‘A stampede of stupid’: Rachel Notley urges Senate to block oil tanker ban bill

Alberta Premier Rachel Notley took her crusade against the Trudeau government’s tanker ban bill to the Senate today, telling senators the legislation unfairly targets her province by banning oil tankers from docking along B.C.’s north coast at time when the oilpatch is already on the ropes.

Speaking to members of the Senate’s transport committee Tuesday, Notley said Ottawa is playing a dangerous game by banning oil tankers from the region and described the bill as more of an “Alberta ban.”

“After all, Bill C-48 still lets massive LNG tankers travel those same waters. It’s not really a tanker ban at all. It’s a ban on energy resources produced in Alberta, by Canadians, from getting overseas,” Notley said.

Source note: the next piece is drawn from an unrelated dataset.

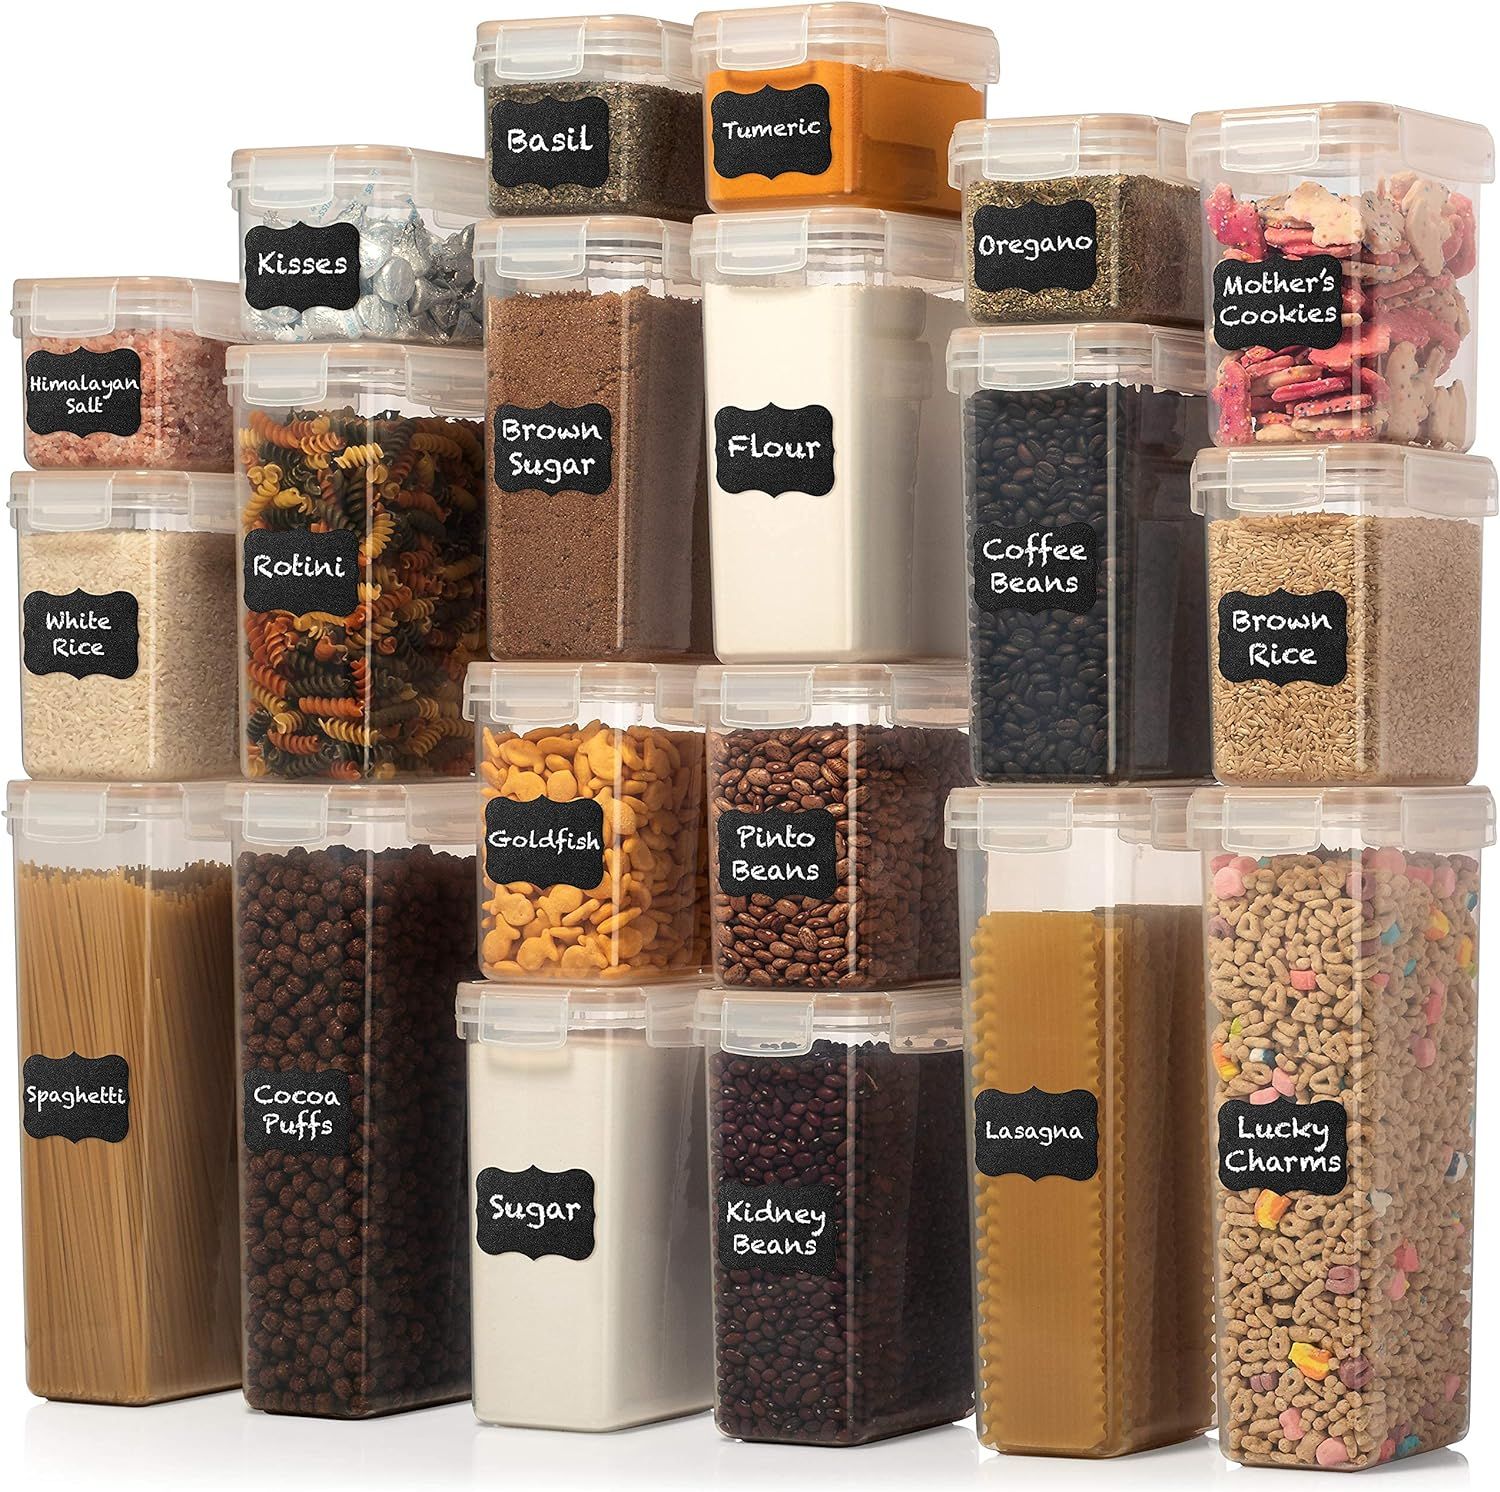 LARGE SET Airtight Food Storage Container Set - 20 PC - Kitchen & Pantry Organization - BPA-Free ... | Amazon (US)

Ottawa has championed the $40-billion LNG Canada project that will see the natural gas product shipped from a massive terminal near Kitimat, B.C. to Asia.

“It is a policy that is very divisive,” said Notley. “It’s the kind of policy that represents little more than a stampede of stupid. Ultimately, what you’re going to do is hurt our country and that sense of unity — those are the stakes.”

The bill in question would ban tankers capable of carrying more than 12,500 metric tons of oil from an area that stretches from the northern tip of Vancouver Island to the Alaska border.

The legislation formalizes a similar, voluntary ban that has been in place in the region for the last 20 years.

B.C. Indigenous peoples are split on the bill, with coastal First Nations more supportive than those in the interior who stand to gain economically from any sort of pipeline running through their lands.

Coastal First Nations have said a spill would threaten the viability of a diverse fishing industry that sustains well over 1,000 jobs in the area.

With Bill C-48, the Liberal government has sought to block projects like the now-defunct Northern Gateway project — Prime Minister Justin Trudeau and his cabinet killed that project on the day they first approved the expansion of the Trans Mountain pipeline. The Enbridge-backed Northern Gateway was a proposed $8 billion project meant to carry diluted bitumen produced in Alberta’s oilsands to an export terminal in Kitimat, B.C.

The federal Liberals are pushing for passage of C-48 just as Alberta is grappling with a series of problems plaguing its energy industry — a decline in investment, historically low commodity prices and constrained pipeline capacity. As Premier Notley reminded senators today, the legislation has stirred up considerable anger in the province.

Prime Minister Justin Trudeau has defended his tanker ban in part by pointing to the unspoiled nature of B.C.’s Great Bear rainforest. (Jonathan Hayward/Canadian Press)

“I am a little worried that much of what we value as Canadians is at risk. Albertans are not actually the biggest fans of Ottawa these days. That’s the G-rated way to put it,” she said. “If you want to know why, one of the things we could do is look no further than C-48.

“Don’t block us. Back us. Toss C-48 in the garbage where it belongs.”

The Senate Conservatives have steadfastly opposed the legislation at every turn, but the Independent Senators Group (ISG), a caucus composed largely of Trudeau appointees which now constitutes a majority in the upper house, are divided.

An oil tanker anchors at the terminus to the Kinder Morgan Trans Mountain pipeline in Burnaby, B.C. (Chris Corday/CBC)

Trudeau has defended the legislation by saying that B.C.’s Great Bear rainforest is simply too pristine for a crude oil pipeline like Northern Gateway or the Indigenous-backed Eagle Spirit, a $16 billion pipeline project proposal that would carry heavy crude from Fort McMurray to the Grassy Point port near Prince Rupert, B.C.

Notley said Tuesday there is no crude tanker ban on Canada’s east coast, which has areas of its own that are pristine and known for their natural beauty. The Hibernia operation in Newfoundland and Labrador, for example, produces tens of thousands of barrels of oil each year. Tankers carrying foreign oil travel the St. Lawrence Seaway every day to deliver product to refineries in Quebec.